Years of neglect have taken a toll on the Waldwick Railroad Station. The depot suffers from roof leaks, as well as standing water that that has deteriorated the foundation and sill plates, creating structural instability. A 2009 historic structure report noted priority repairs and improvements, including roof replacement, sill plate replacement and re-grading around the building to prevent further water damage.
Since 2005, the deteriorated station’s champion has been the Waldwick Community Alliance (WCA), a nonprofit group of local residents and business owners whose emphasis is on improving the downtown area around the railroad tracks, focusing on restoration of the unused station as a catalyst. While the group had been raising funds for the station’s preservation for five years, securing large donations and grants has been difficult because the nonprofit does not have control of the property. In 2009, after several years of negotiation, the WCA finally secured a long-term lease for the depot from New Jersey Transit. Since that time the, WCA has secured the interior and provided temporary roof repairs.

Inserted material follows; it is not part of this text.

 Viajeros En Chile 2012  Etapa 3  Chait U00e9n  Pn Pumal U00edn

Ultimately, the all-volunteer WCA aims to establish a local history and railroad museum. The group has been collecting photographs and documents as well as artifacts from the rail station, including a functioning freight scale, original iron fencing, early 20th-century light fixtures and freight receipts that help illustrate the small depot’s role in the late 19th / early 20th century transportation industry and suburban growth the area enjoyed as a result of the construction Waldwick Station. At one time, 50% of all households in Waldwick had a least one family member working for the railroad.
In 2011, when all activity seems to be focused on positive progress (preservation studies, fundraising, work approvals pending) the state has announced that the WCA will be required to prepare a seismic study on the building, to determine its stability during an earthquake. This is yet another roadblock for a determined group of citizens with limited financial resources and a historic building desperately in need of real structural stabilization.

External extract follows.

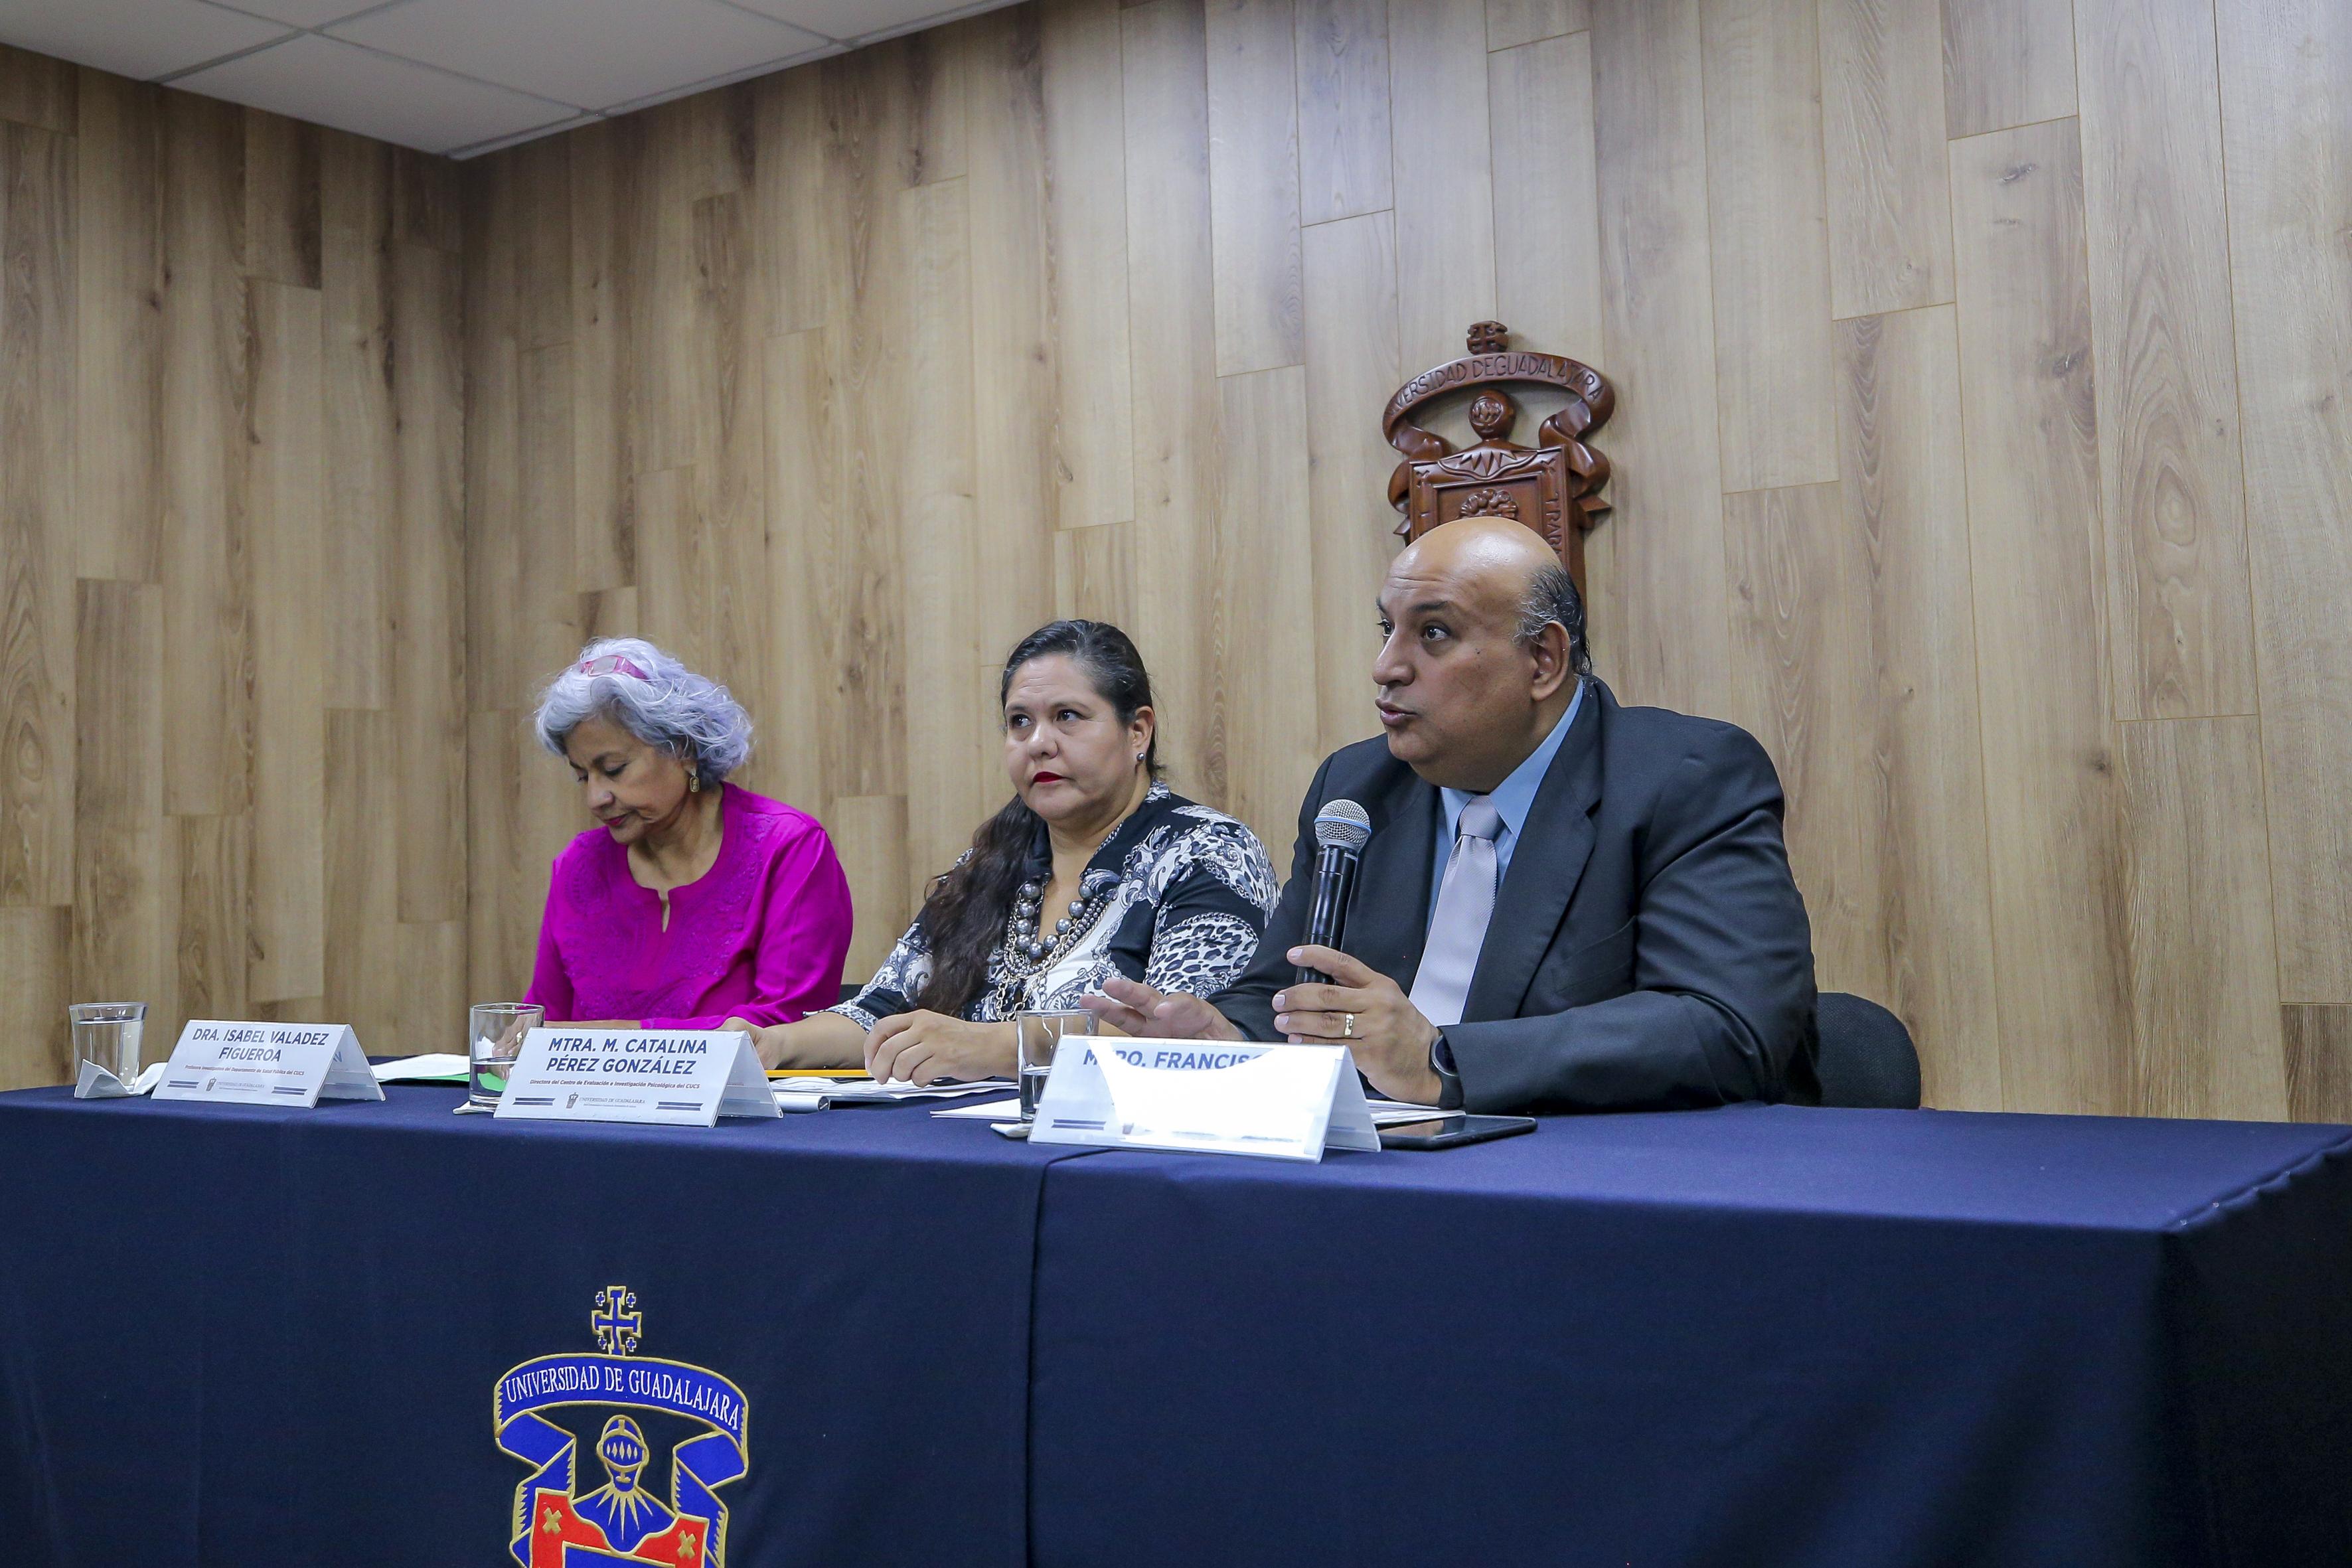 Miembros del presídium, al micrófono Mtro. Francisco Gutiérrez

This is the tale of a true advocacy project that has reached a decisive moment. A lease is in place, fundraising events have been scheduled, preservation planning has been accomplished, and a capital grant application has been submitted to Bergen County and is awaiting evaluation. But by no means is the building out of danger. Once the project is fully funded and restoration complete, efforts will then need to transition from saving the structure to establishing an active and sustainable use for the resource that will restore its places as a centerpiece of a vibrant, revitalized community.